- Country: Russia
- Selection process: Evrovidenie 2009 - Nacionalny Otbor
- Selection date: 7 March 2009

Competing entry
- Song: "Mamo"
- Artist: Anastasia Prikhodko
- Songwriters: Konstantin Meladze; Diana Golde;

Placement
- Final result: 11th, 91 points

Participation chronology

= Russia in the Eurovision Song Contest 2009 =

Russia participated in and hosted the Eurovision Song Contest 2009 in Moscow after winning the Eurovision Song Contest 2008 with the song "Believe" performed by Dima Bilan. The Russian entry was selected through a national final, organised by the Russian broadcaster Channel One Russia (C1R).
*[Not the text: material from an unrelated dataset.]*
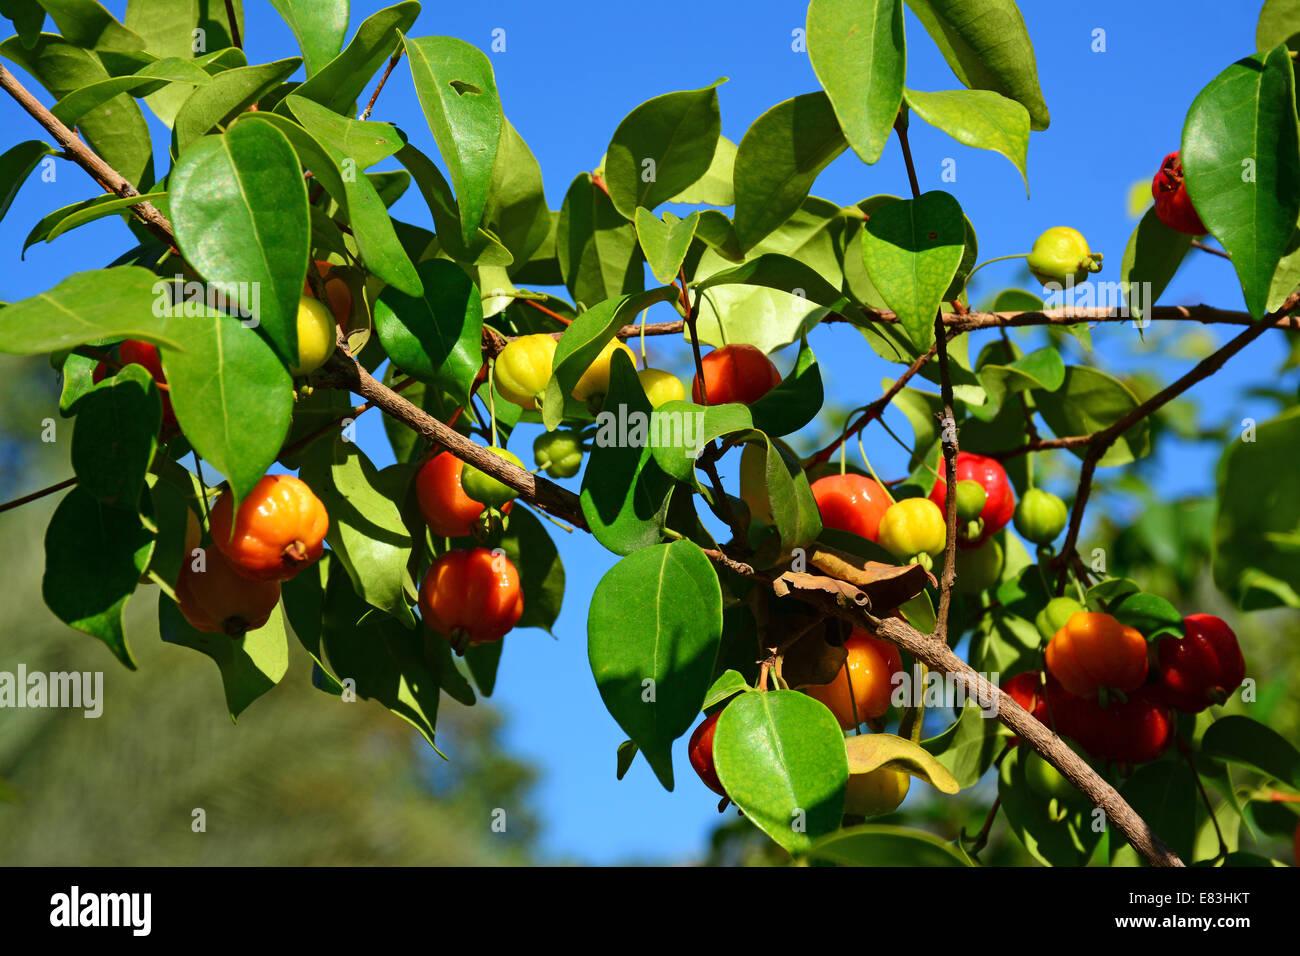 Arbre à fruits tropicaux pitanga Photo Stock

Anastasia Prikhodko represented Russia with the song "Mamo", which scored 91 points in the final and finished in 11th place.

==Before Eurovision==

=== Evrovidenie 2009 - Nacionalny Otbor ===

Evrovidenie 2009 - Nacionalny Otbor was the fifth edition of Evrovidenie, the music competition that selects Russia's entry for the Eurovision Song Contest. The show took place on 7 March 2009 at Studio 1 of Ostankino Technical Center in Moscow and hosted by Andrey Malakhov and Yana Churikova with Dmitry Shepelev hosting segments from the green room. Sixteen artists and songs participated and the winner was selected through a jury and a public televote. The show was broadcast on Channel One as well as online via the broadcaster's website eurovision.1tv.ru.
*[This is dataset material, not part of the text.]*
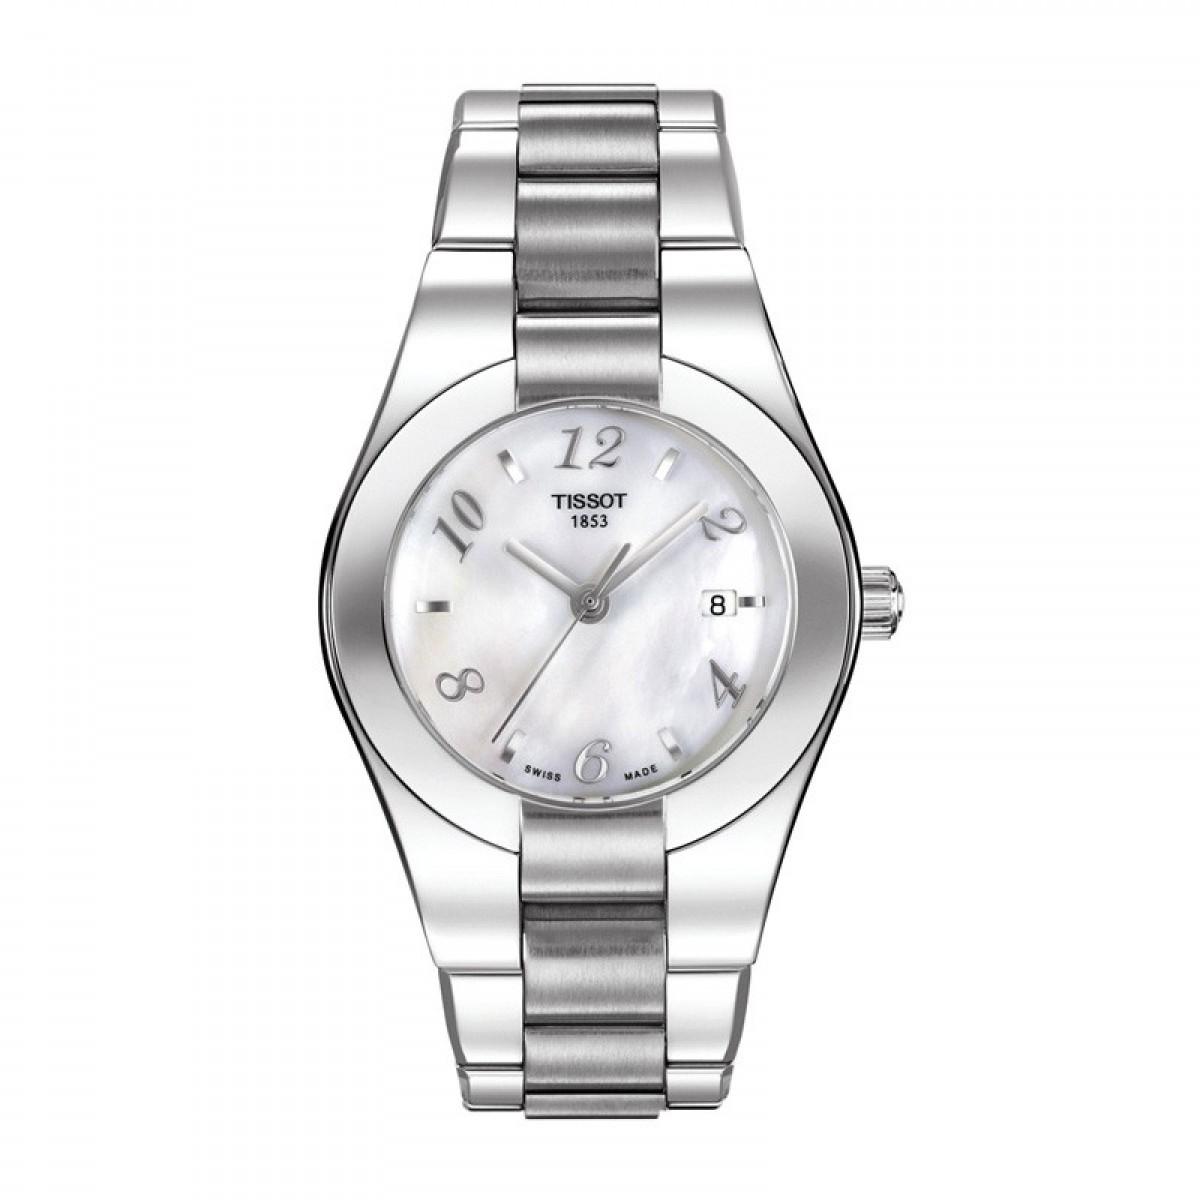 Часовник Tissot T043.210.11.117.00

==== Competing entries ====
In November 2008, C1R announced a submission period for interested artists and composers to submit their entries. The initial format of the national final consisted of three stages: the first stage to select the song, the second stage to select three artists and the third stage to select the winning artist and song combination. The format was later amended by C1R where artists would compete with the songs they have submitted with. The broadcaster received over 1,000 submissions at the conclusion of the deadline. 50 entries were shortlisted from the received submissions and a jury panel selected the fifteen finalists for the national final. The competing acts were announced on 26 February 2009.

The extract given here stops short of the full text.